What is expected
The required output is an exact restatement of the lines, starting with the one that contains "Maillot manches longues" and finishing with the last line of the listing. It contains no pictures.

Given material

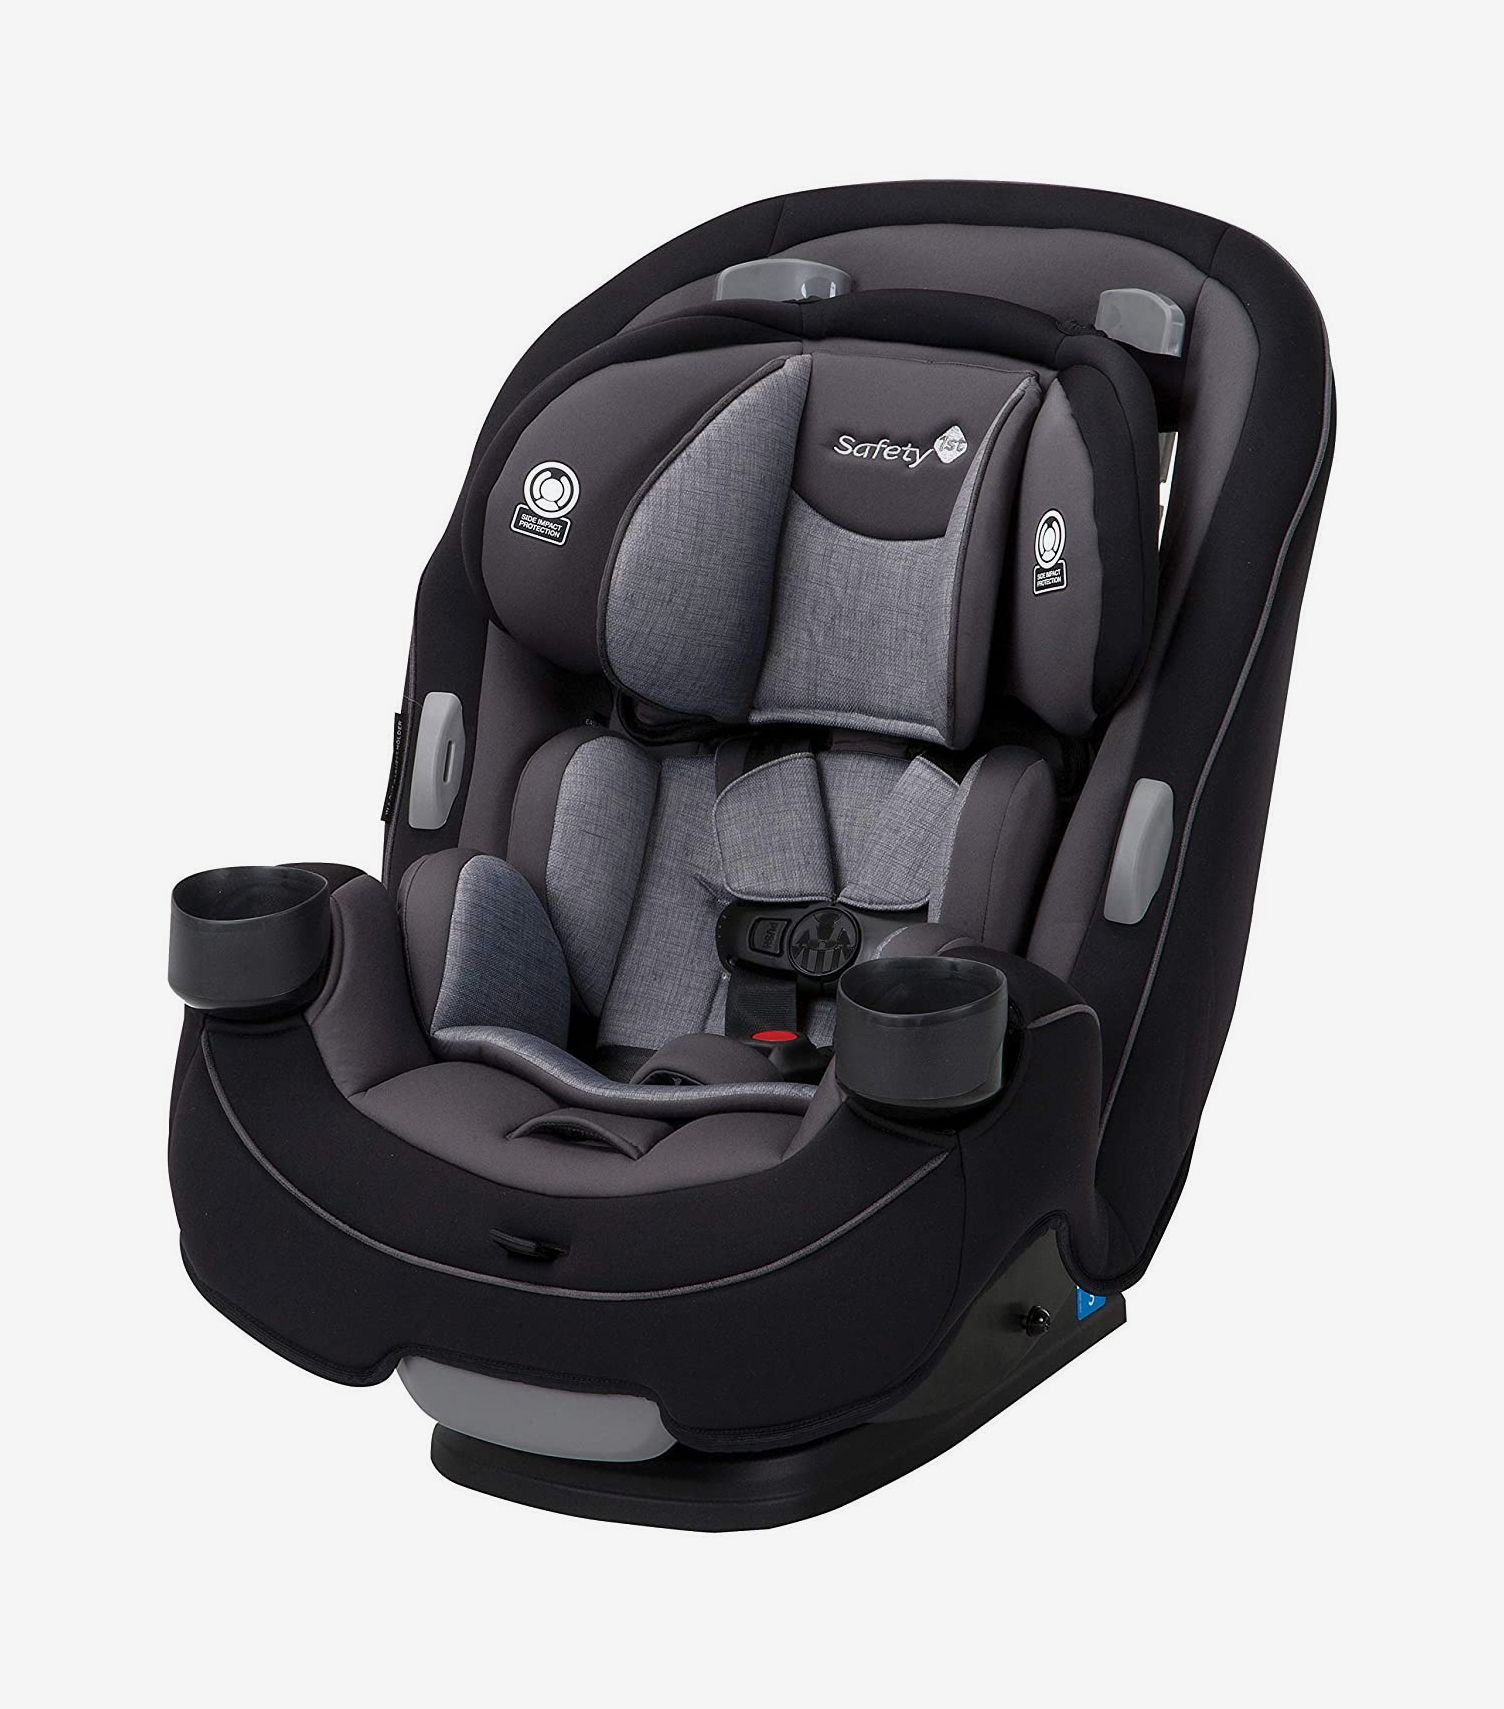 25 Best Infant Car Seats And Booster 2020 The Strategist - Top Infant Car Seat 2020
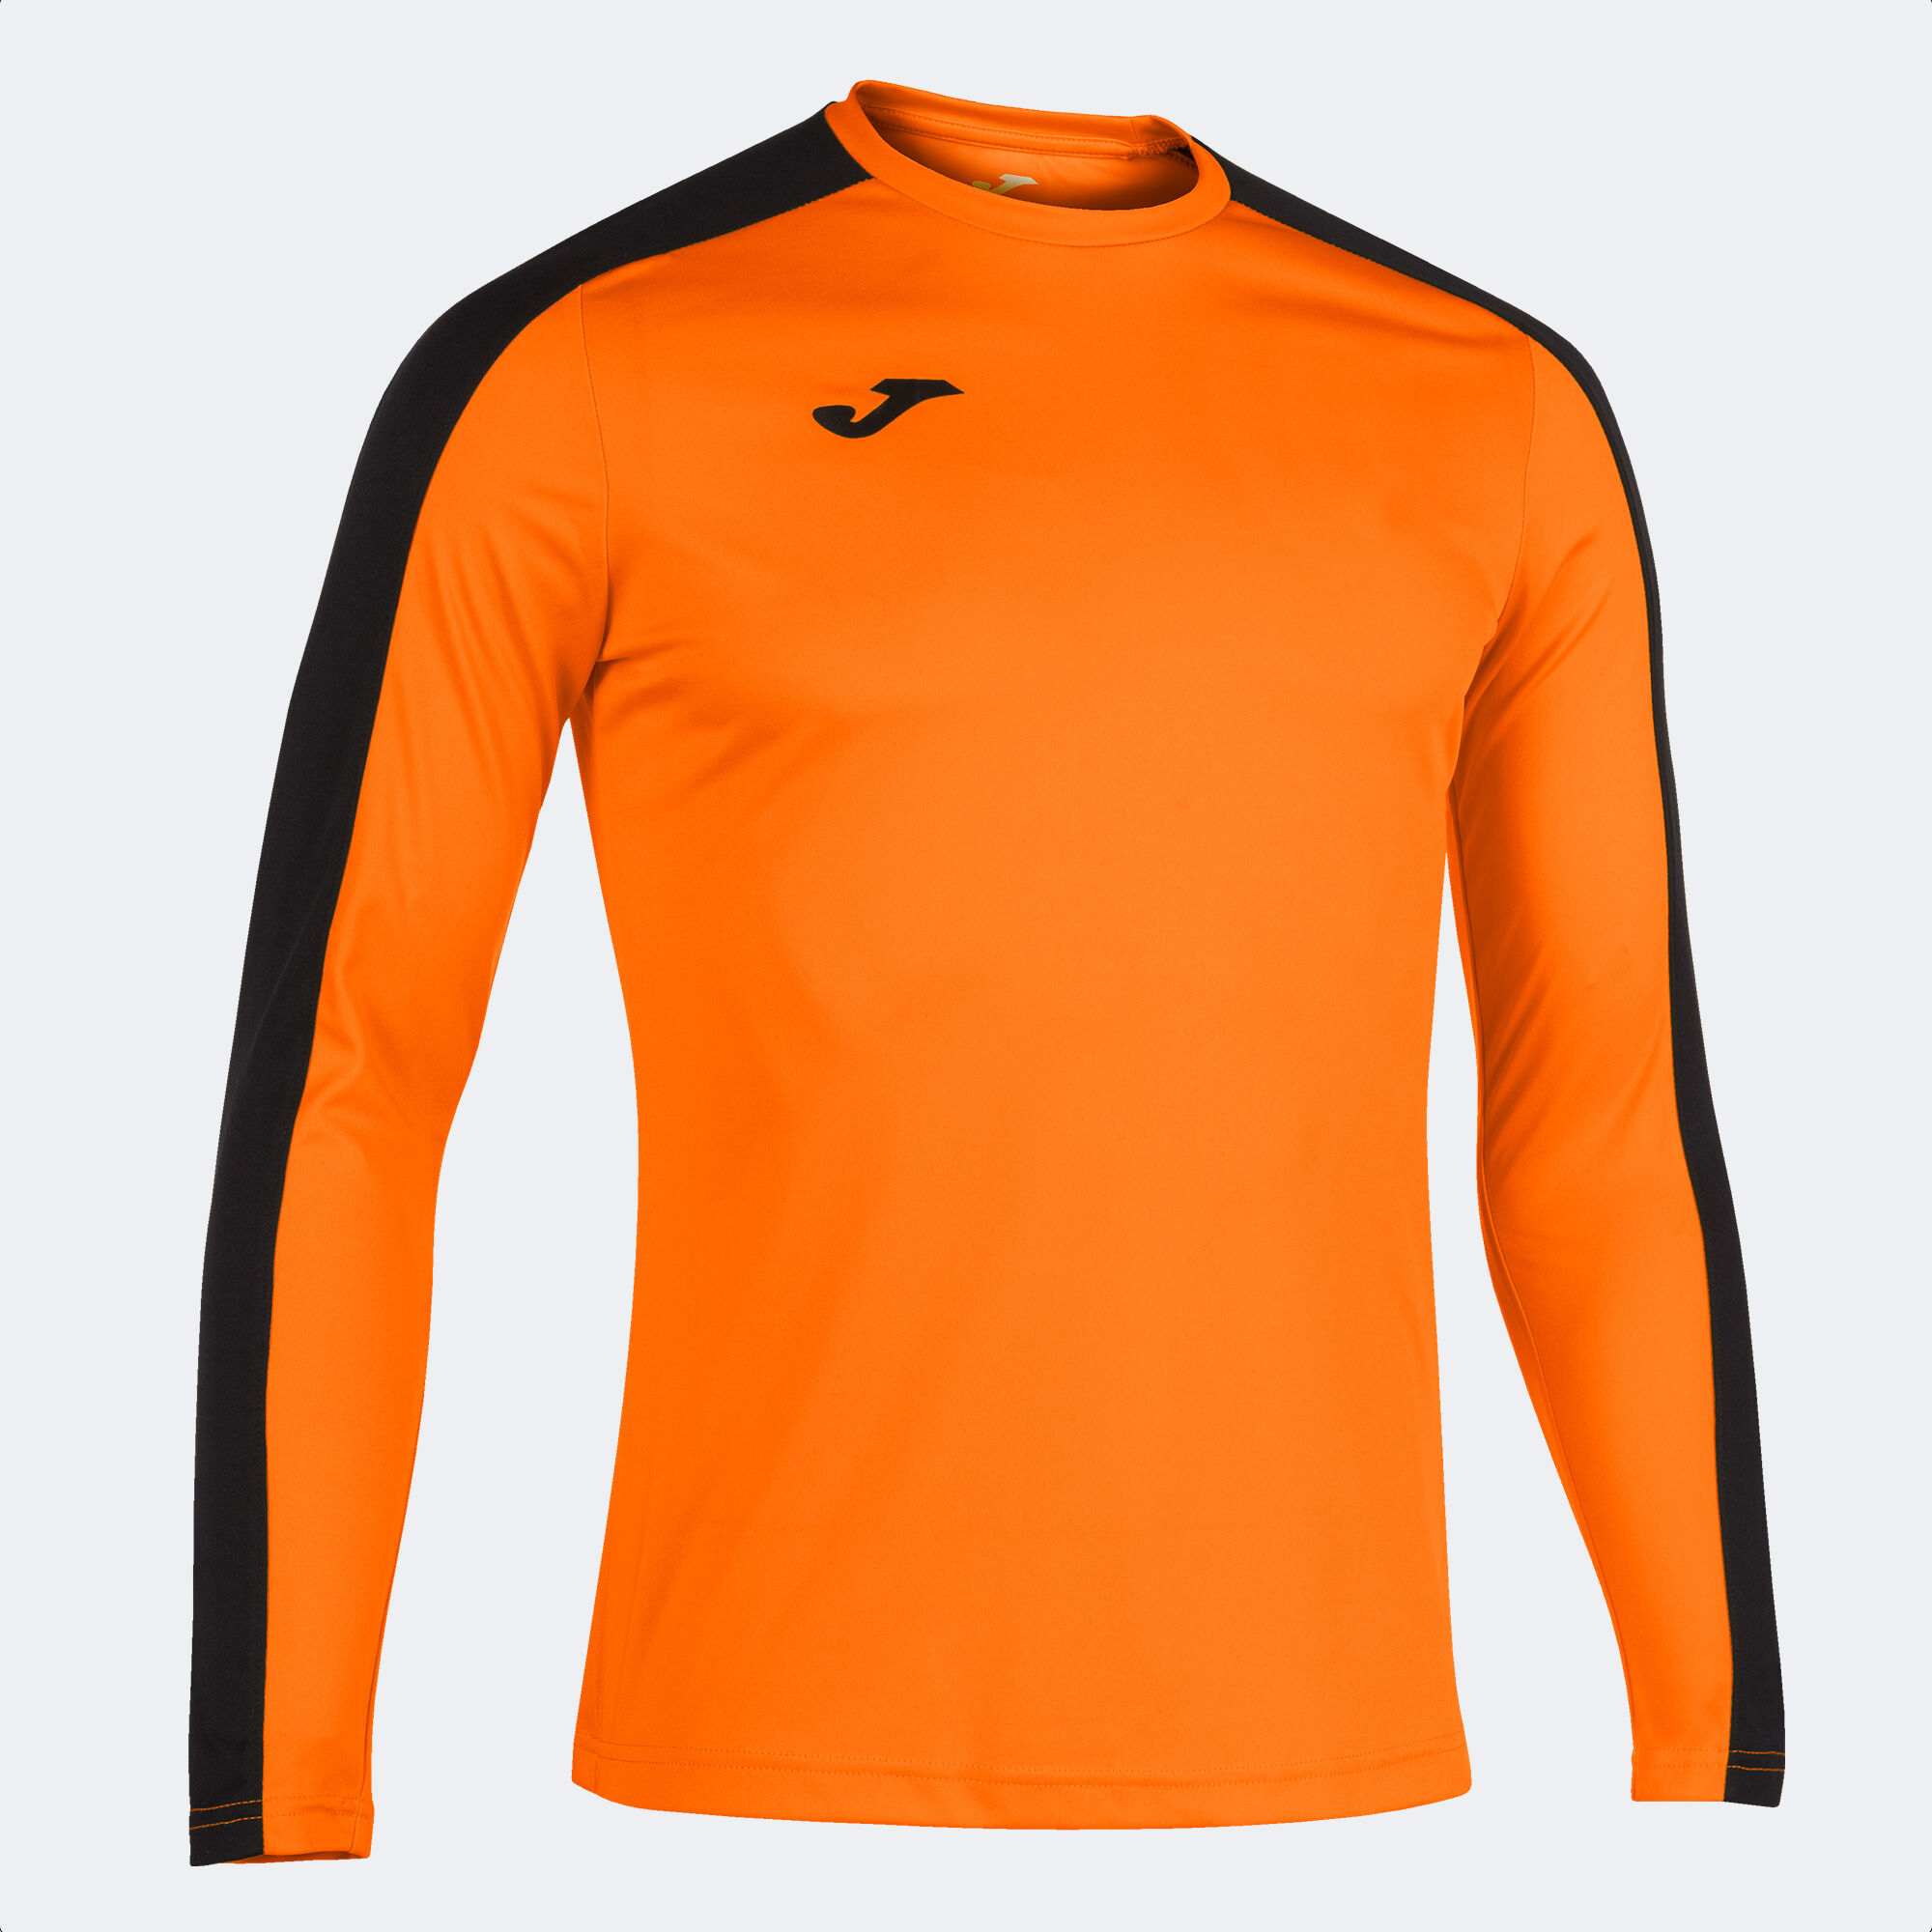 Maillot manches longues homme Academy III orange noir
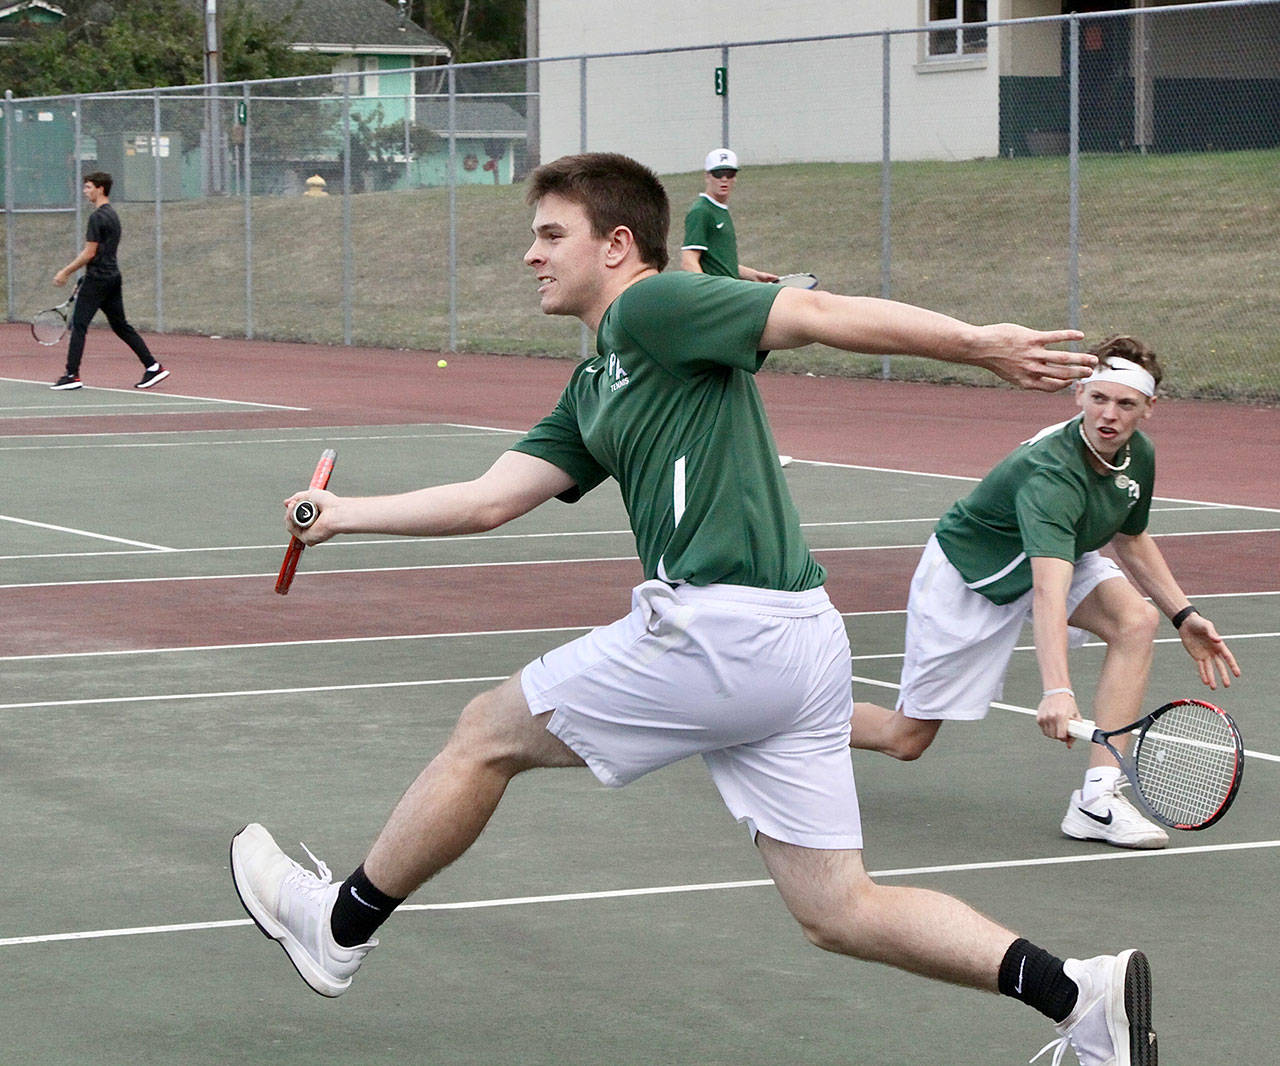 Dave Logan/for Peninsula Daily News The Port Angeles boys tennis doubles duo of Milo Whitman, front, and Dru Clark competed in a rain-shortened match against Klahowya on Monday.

Your solution
 Maillot manches longues homme Academy III orange noir
 Dave Logan/for Peninsula Daily News The Port Angeles boys tennis doubles duo of Milo Whitman, front, and Dru Clark competed in a rain-shortened match against Klahowya on Monday.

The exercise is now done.